§ **Source data**
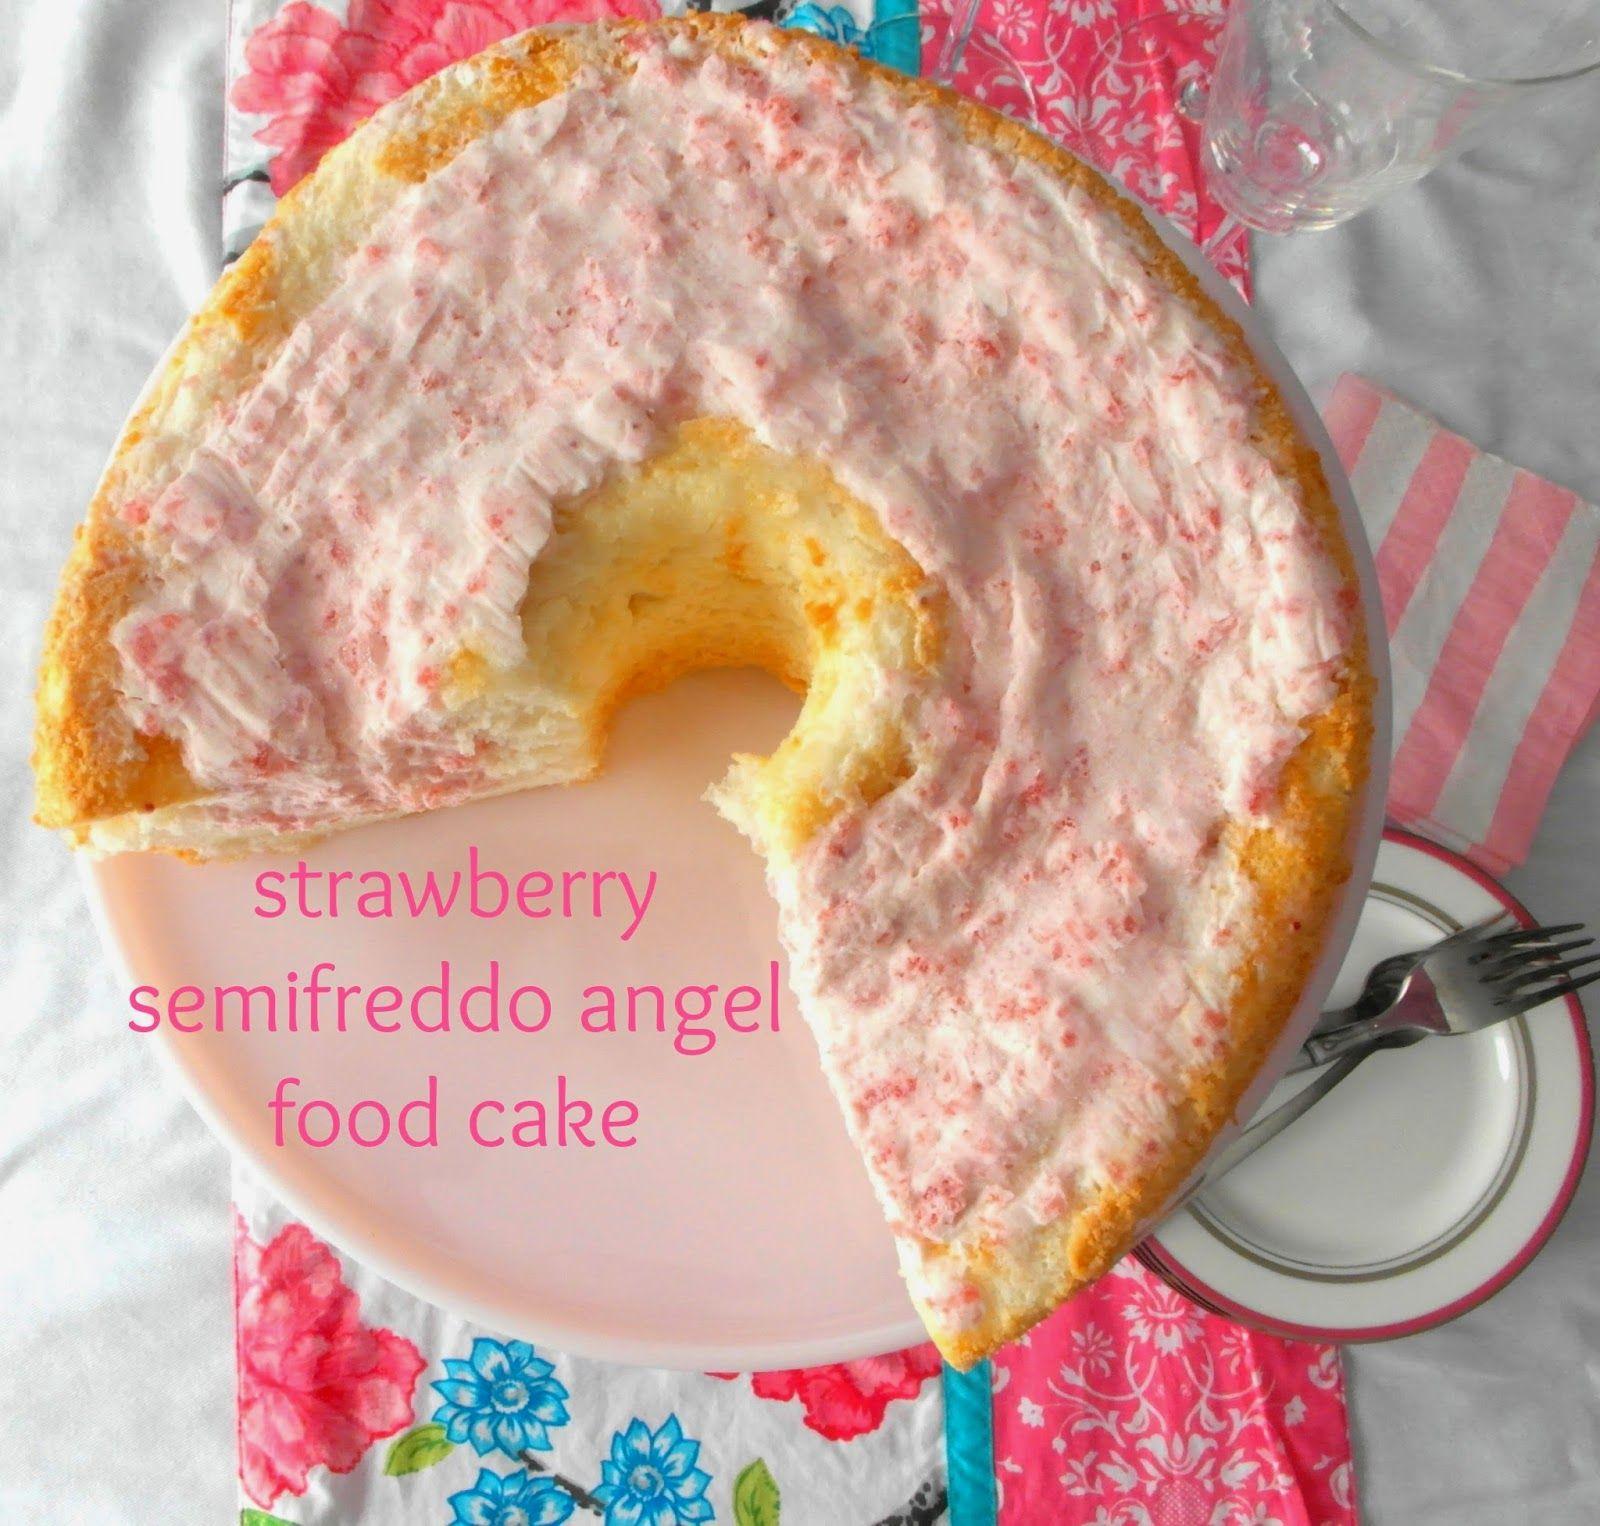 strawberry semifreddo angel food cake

--

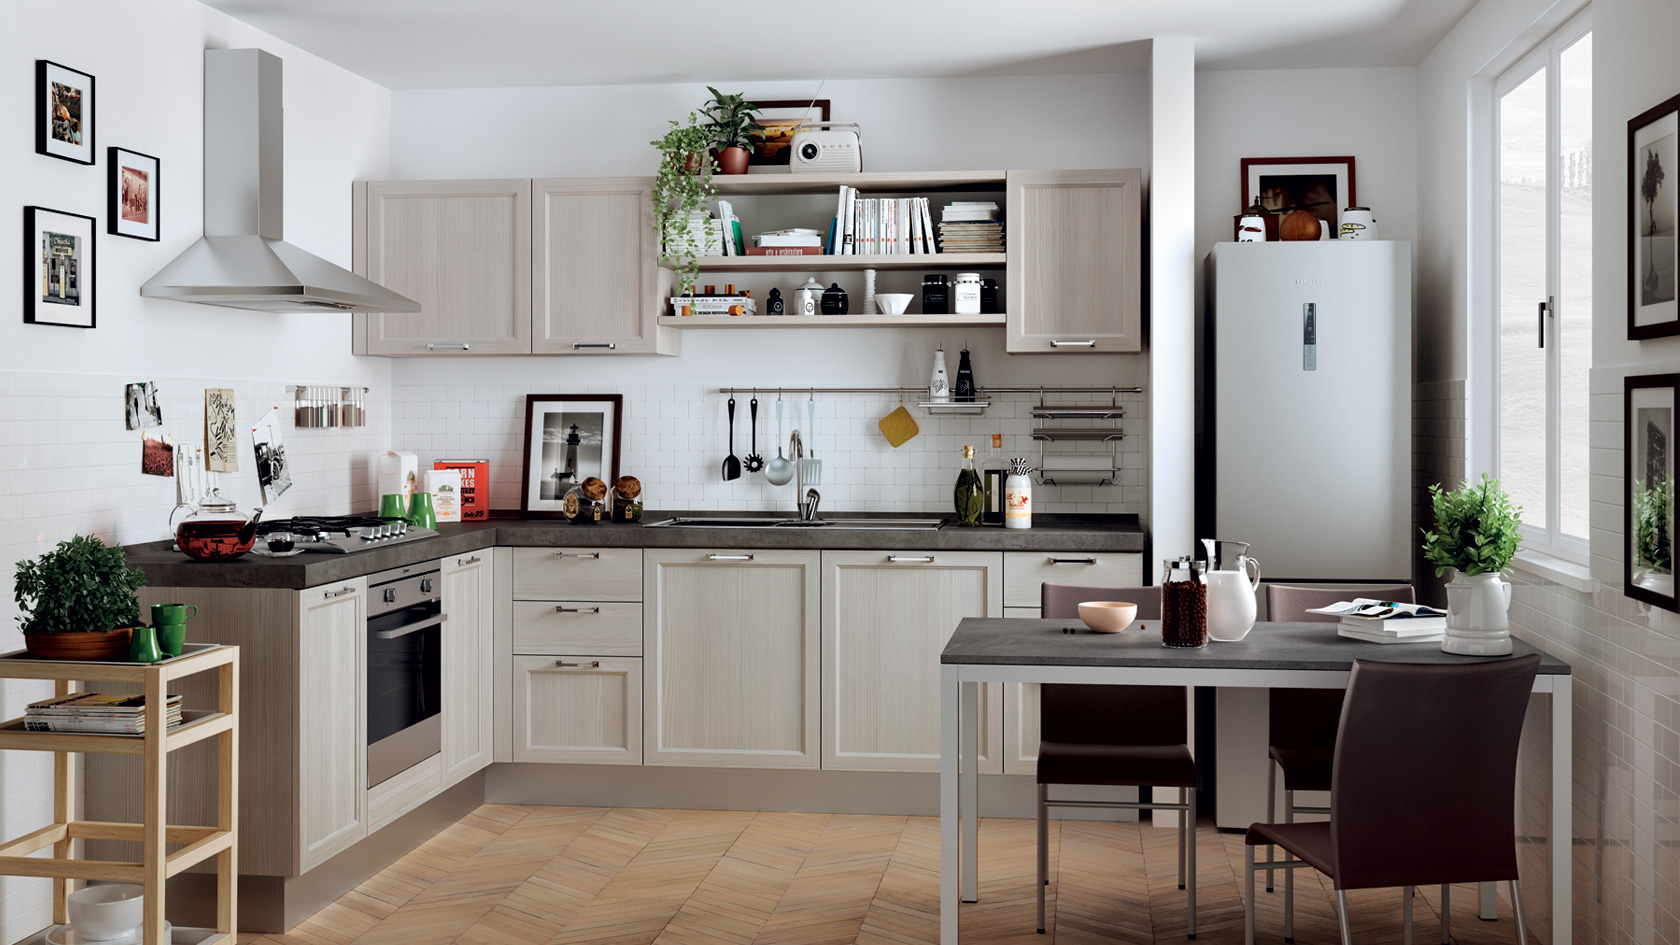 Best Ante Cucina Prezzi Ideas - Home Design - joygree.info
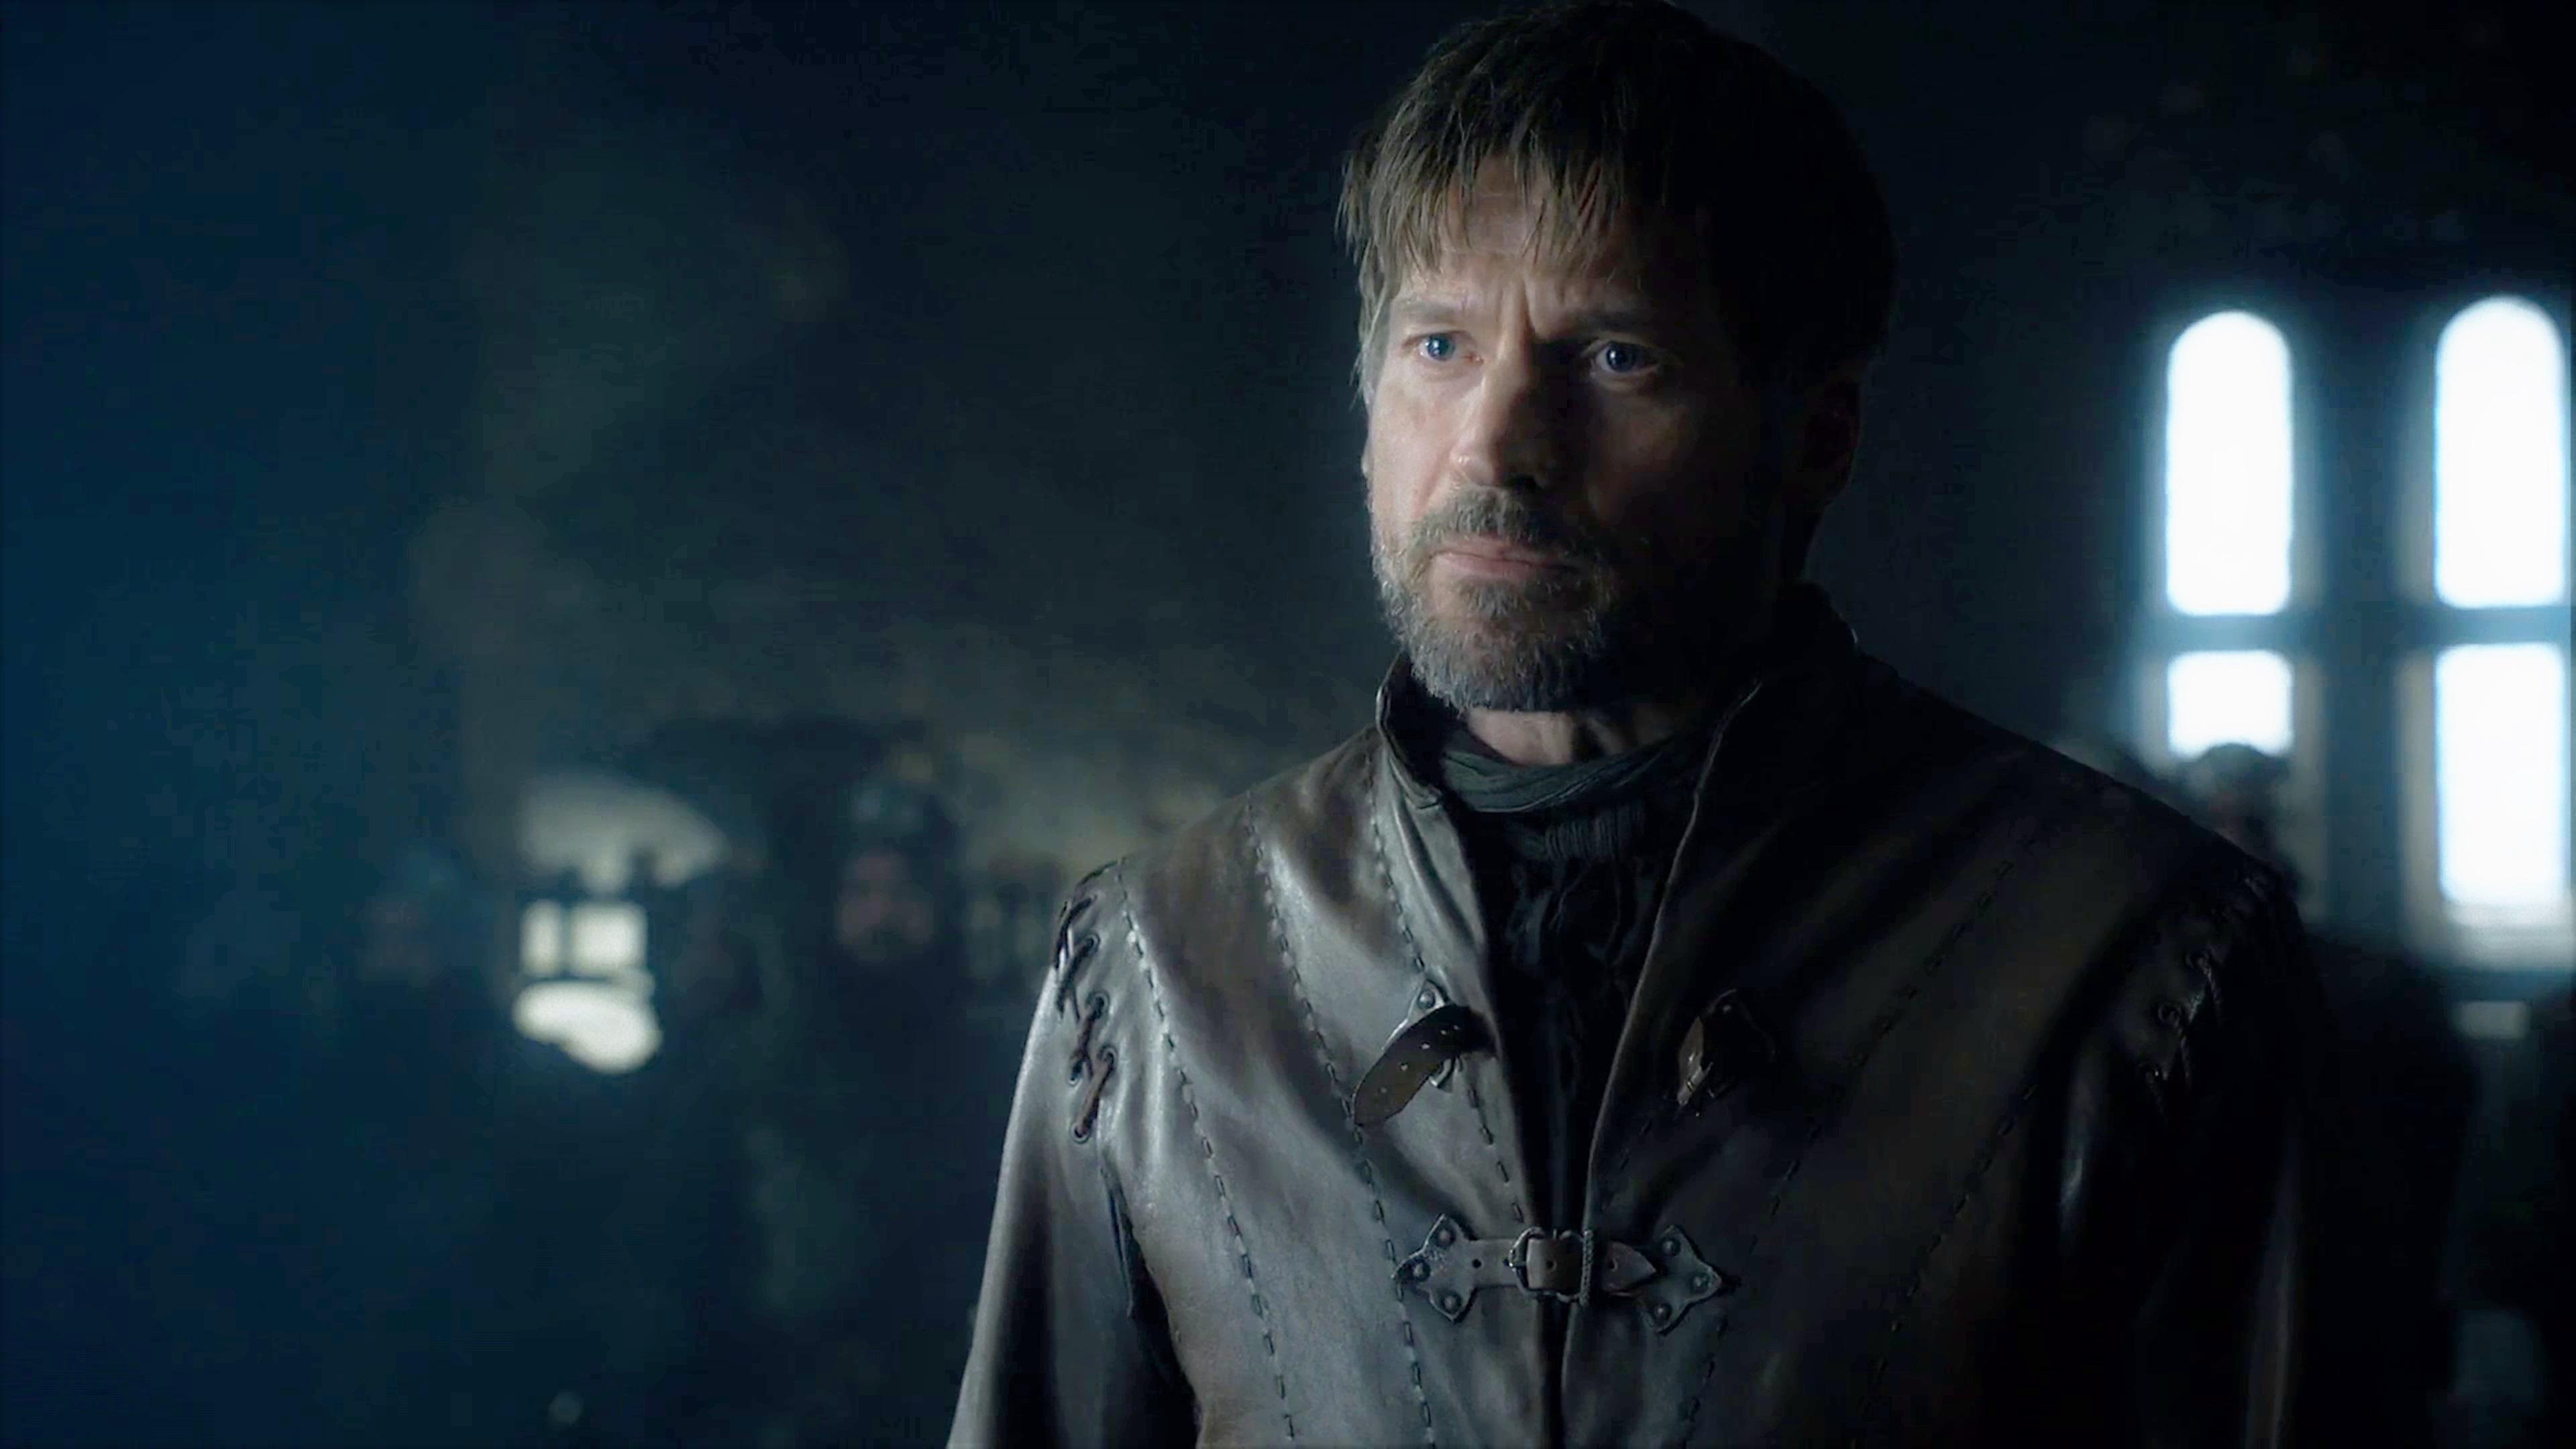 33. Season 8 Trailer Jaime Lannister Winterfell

§ **What you are asked to do**
Keep to the lines above from the line with "Best Ante Cucina" to the line with "33. Season 8", and set down exactly those, inclusive, with nothing else and every picture left out.

§ **Answer area**
 Best Ante Cucina Prezzi Ideas - Home Design - joygree.info
 33. Season 8 Trailer Jaime Lannister Winterfell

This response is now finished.